Supplied information =
——

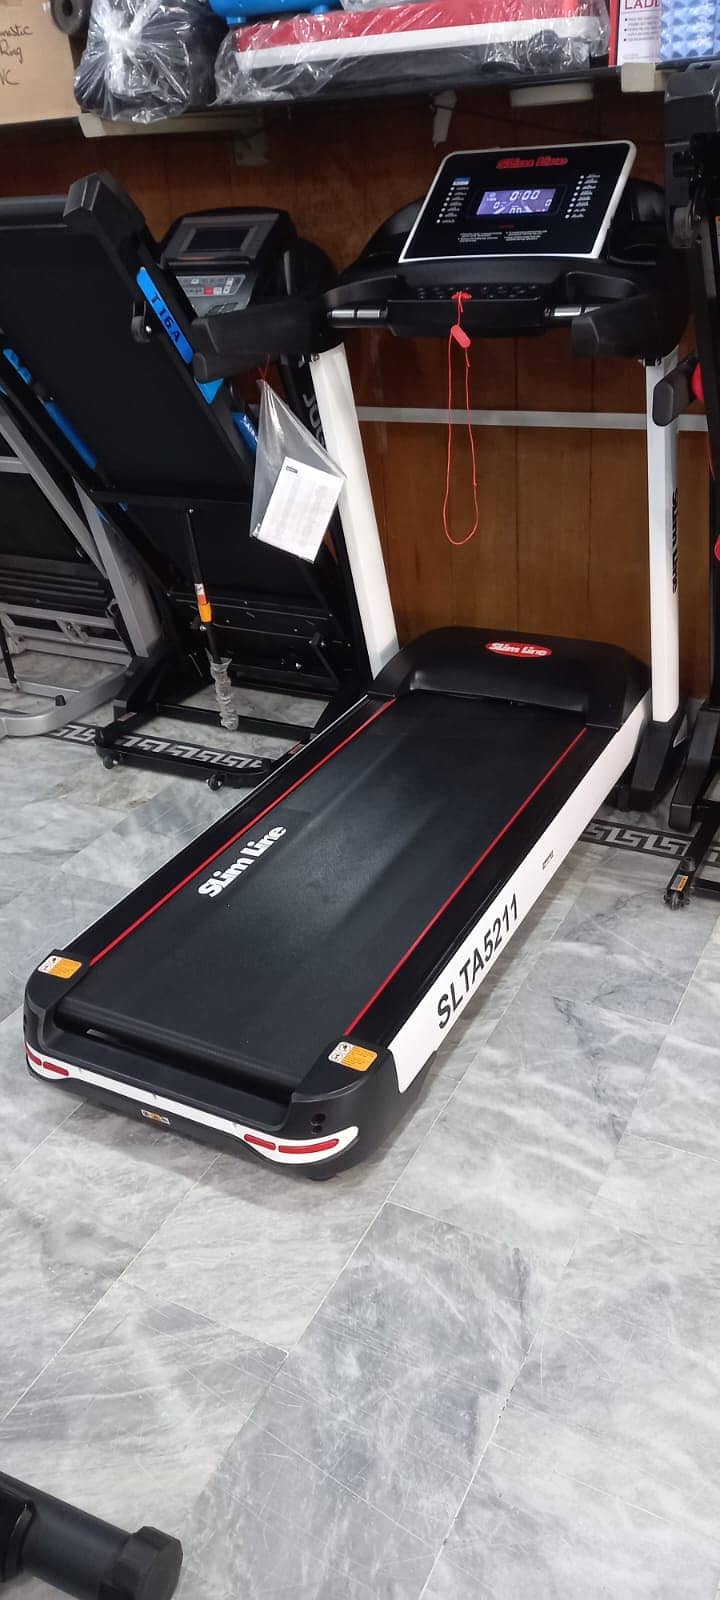 Treadmill Domestic Home Use Brand New Box_Pack avavilable 12
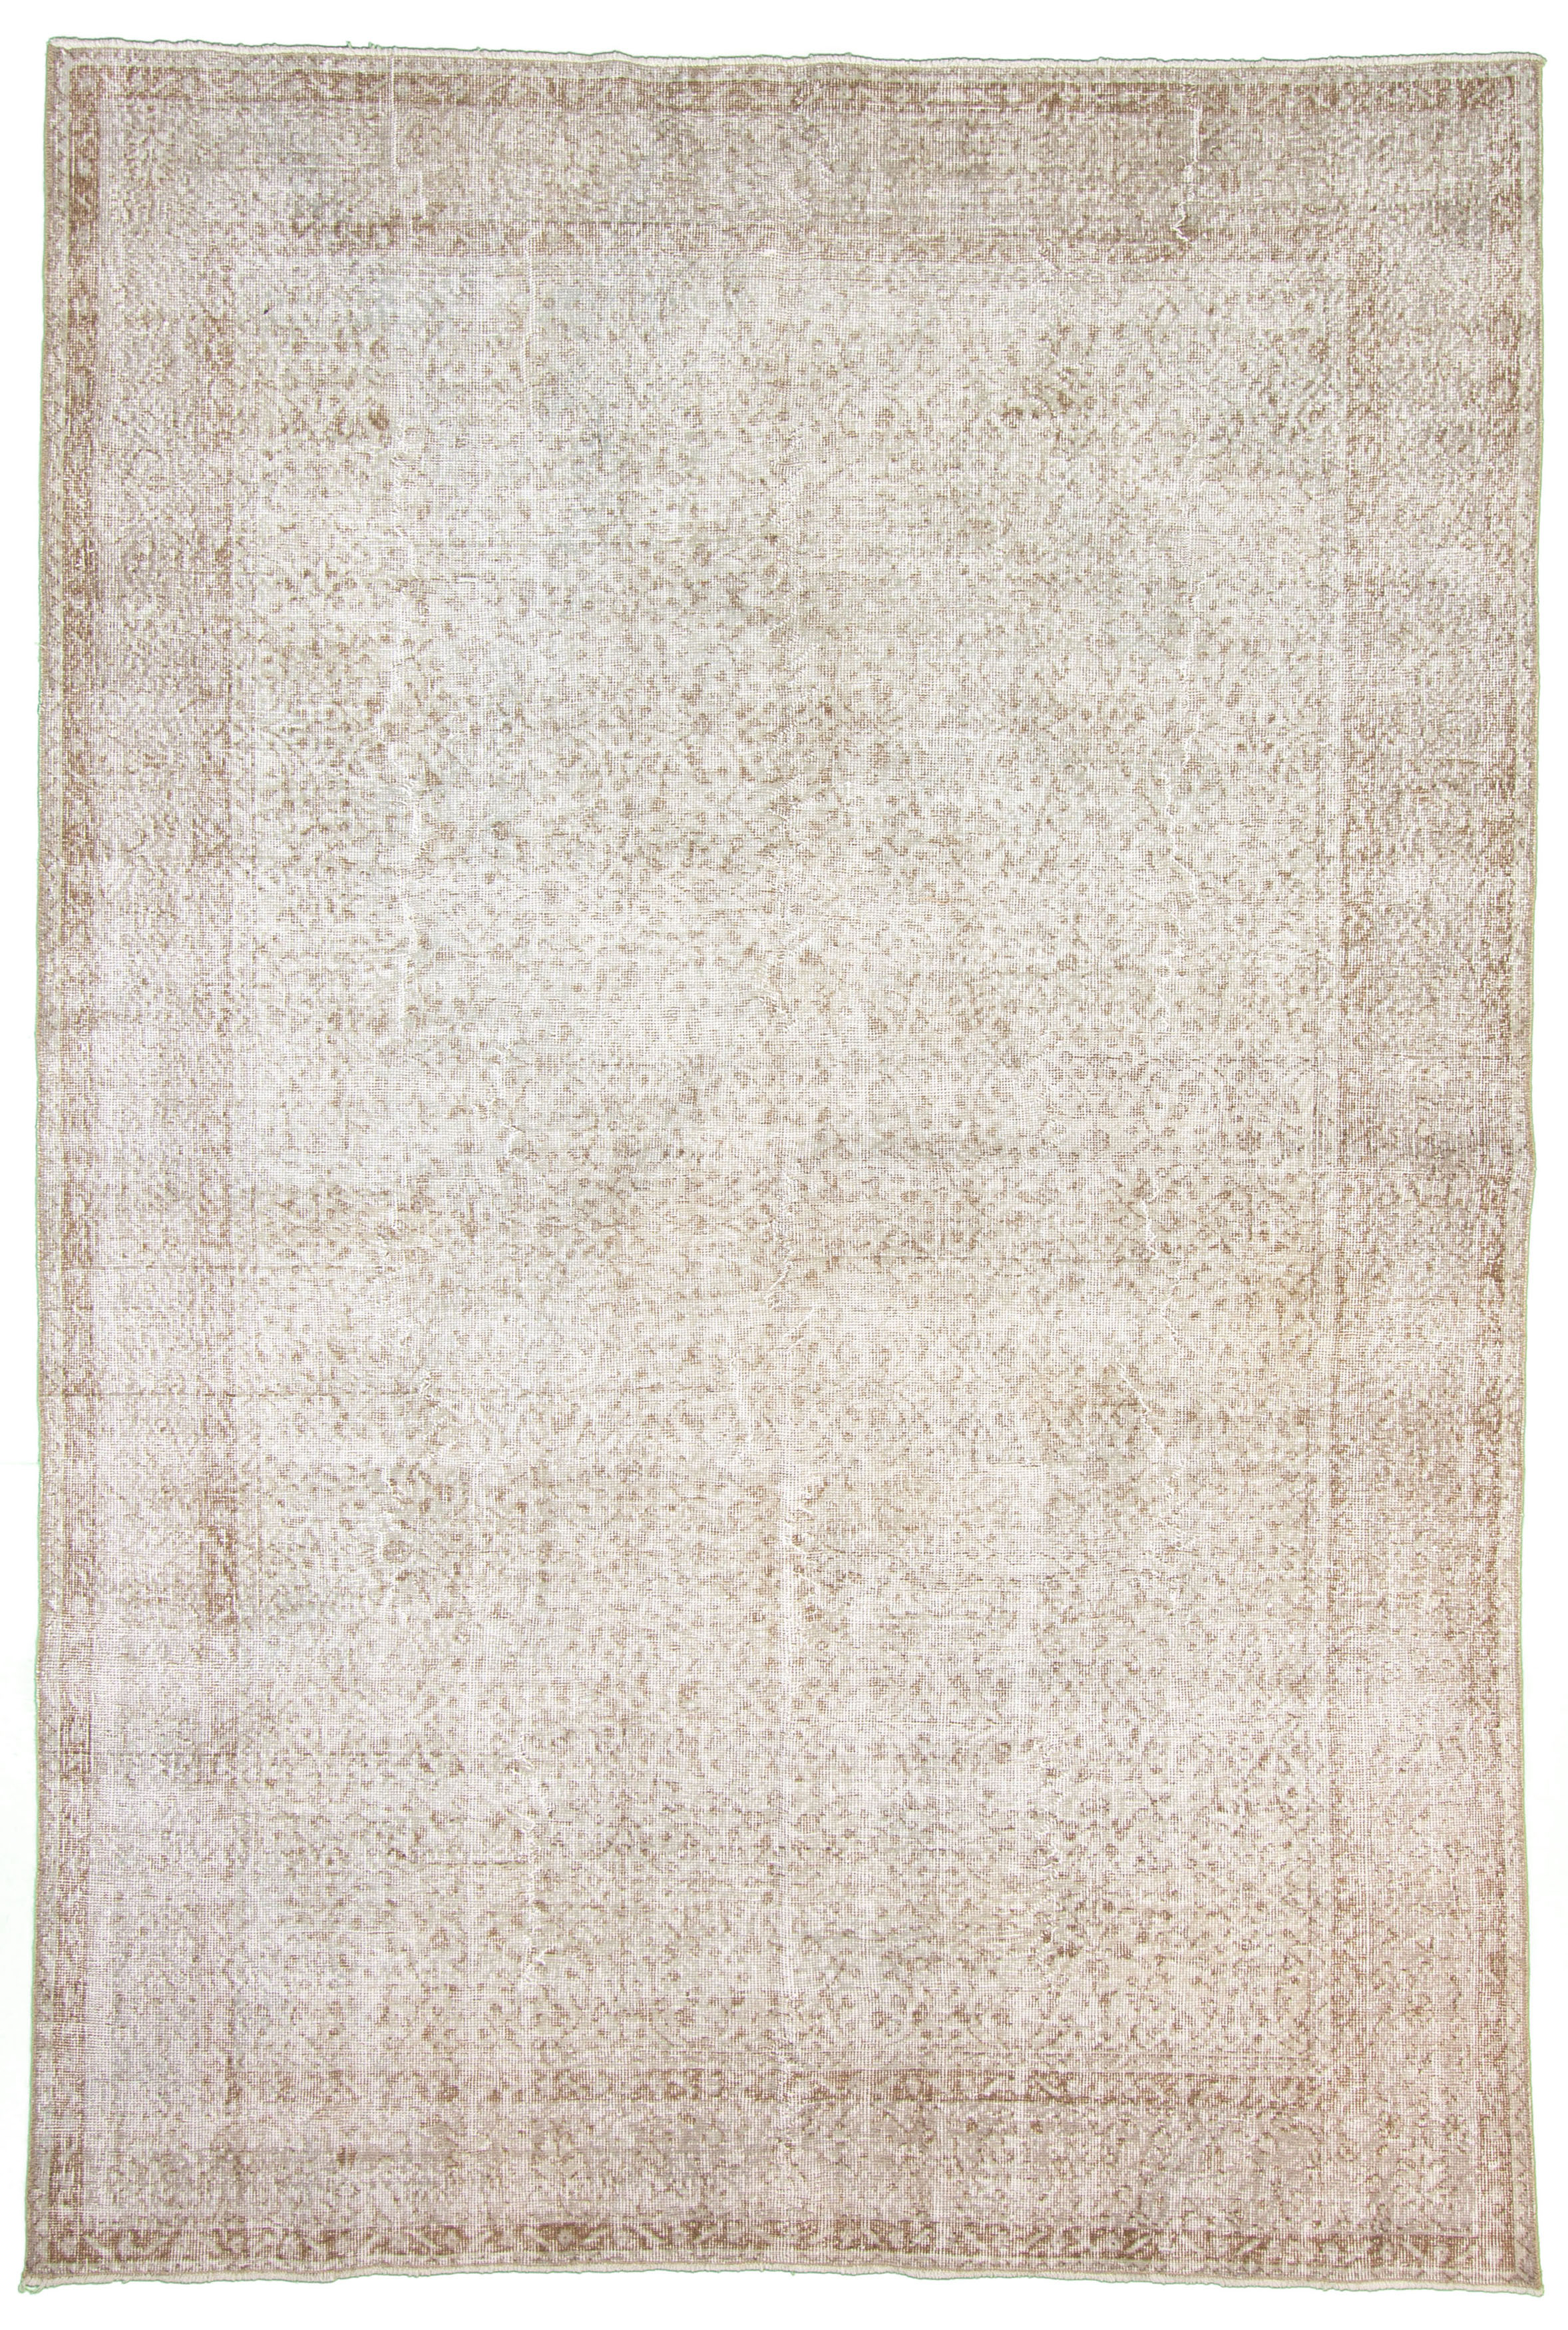 Hand-knotted Antalya Vintage   Rug 9'10" x 6'8" Size: 6'8" x 9'10"  
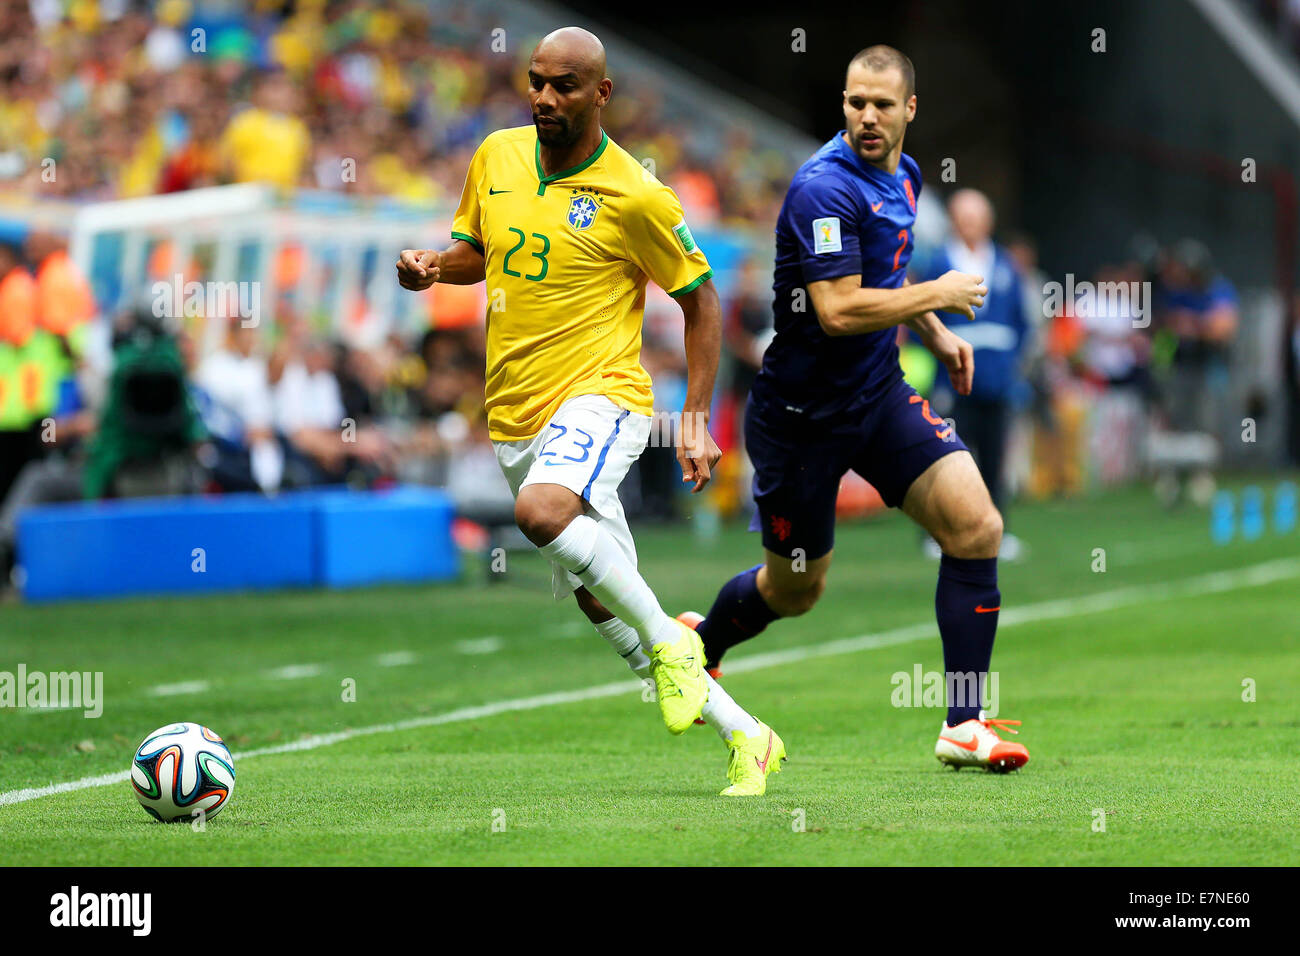 Maicon. Brazil v Holland. Play-0ff for third place. FIFA World Cup 2014 Brazil. National stadium, Brasilia. 12 July 2014. Stock Photo
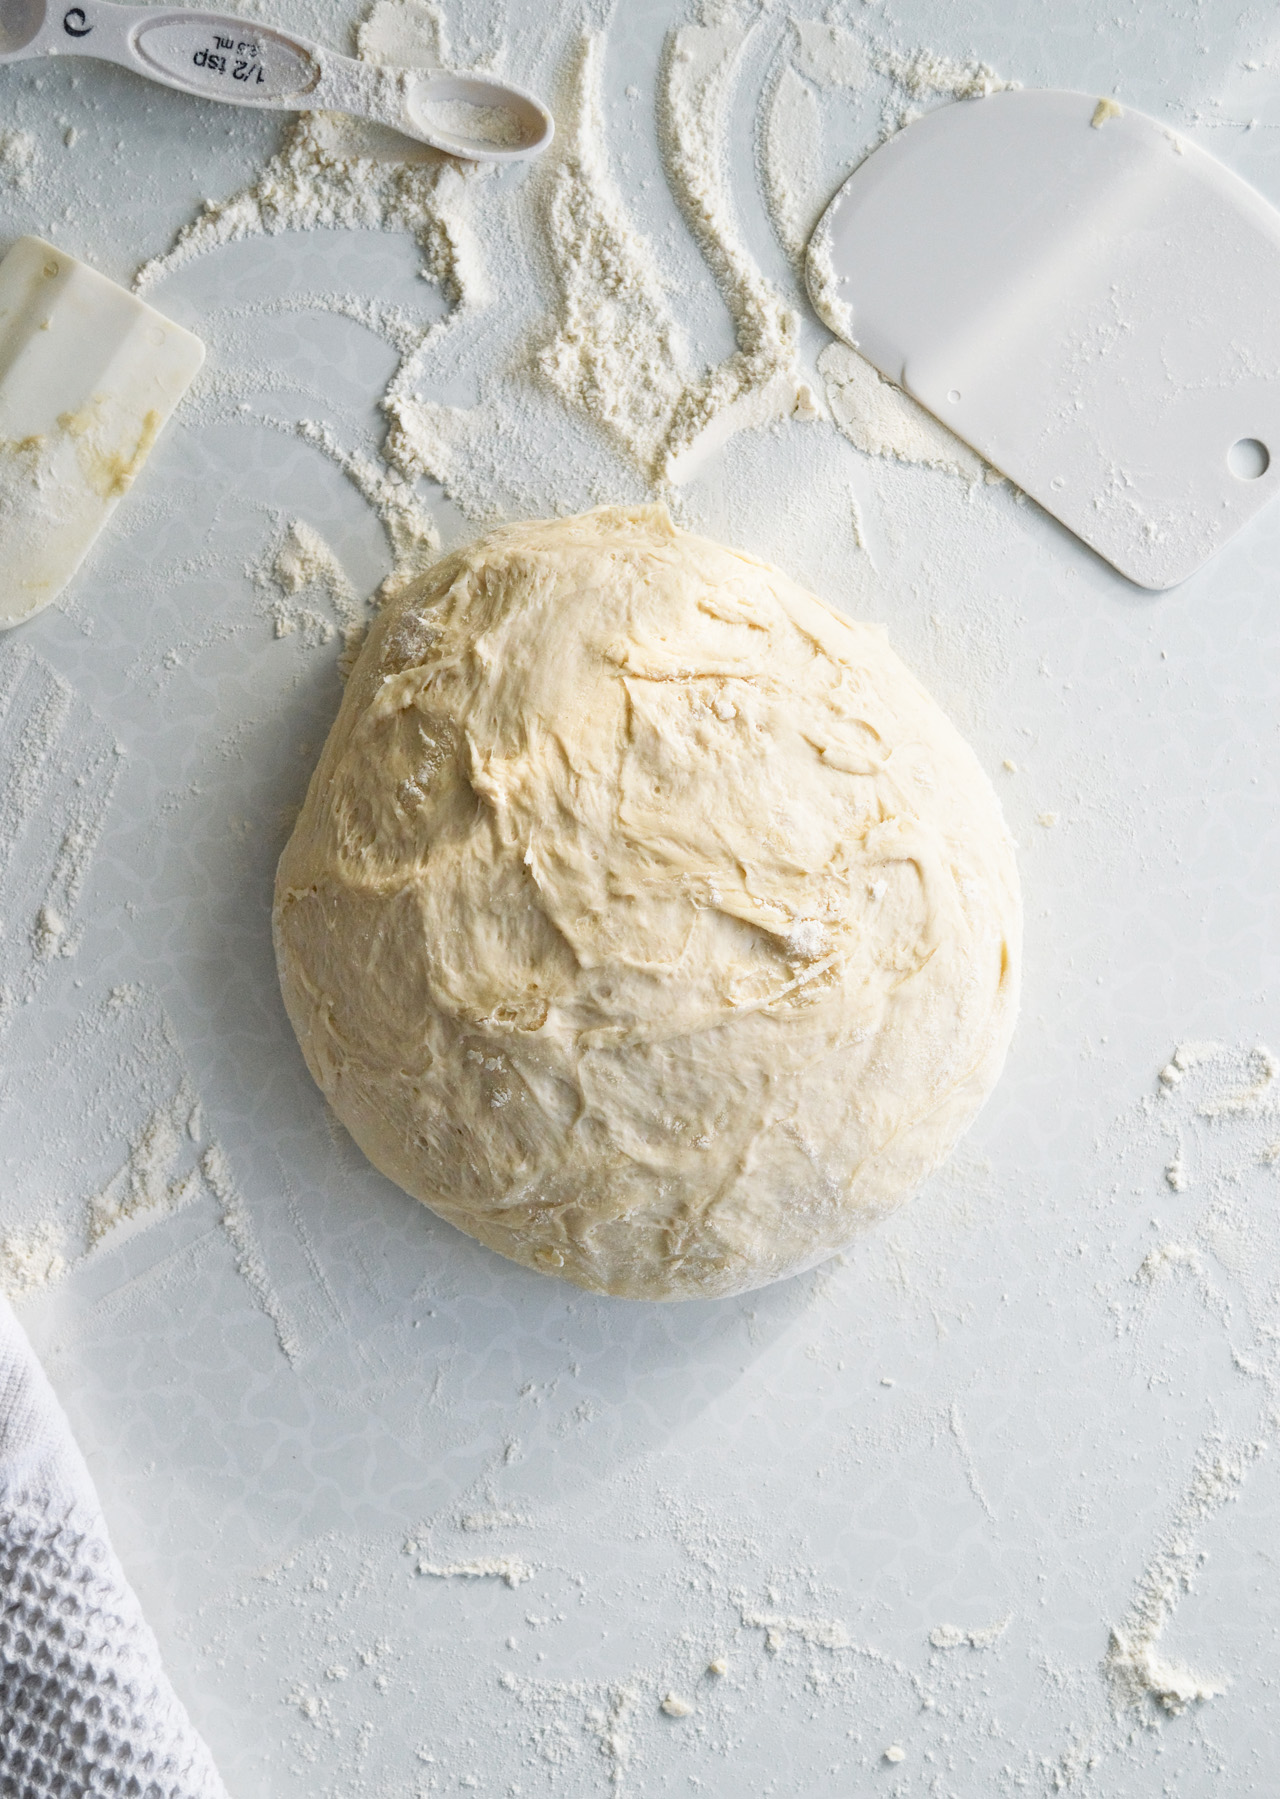 Recipe for the best easy pizza dough made with sunflower oil which gives it incredible flavor! Make and eat that pizza in 1 hour!

——

Exercise = Repeat every line of the data above exactly, but drop the pictures.

Task result =
 Treadmill Domestic Home Use Brand New Box_Pack avavilable 12
 Hand-knotted Antalya Vintage   Rug 9'10" x 6'8" Size: 6'8" x 9'10"  
 Maicon. Brazil v Holland. Play-0ff for third place. FIFA World Cup 2014 Brazil. National stadium, Brasilia. 12 July 2014. Stock Photo
 Recipe for the best easy pizza dough made with sunflower oil which gives it incredible flavor! Make and eat that pizza in 1 hour!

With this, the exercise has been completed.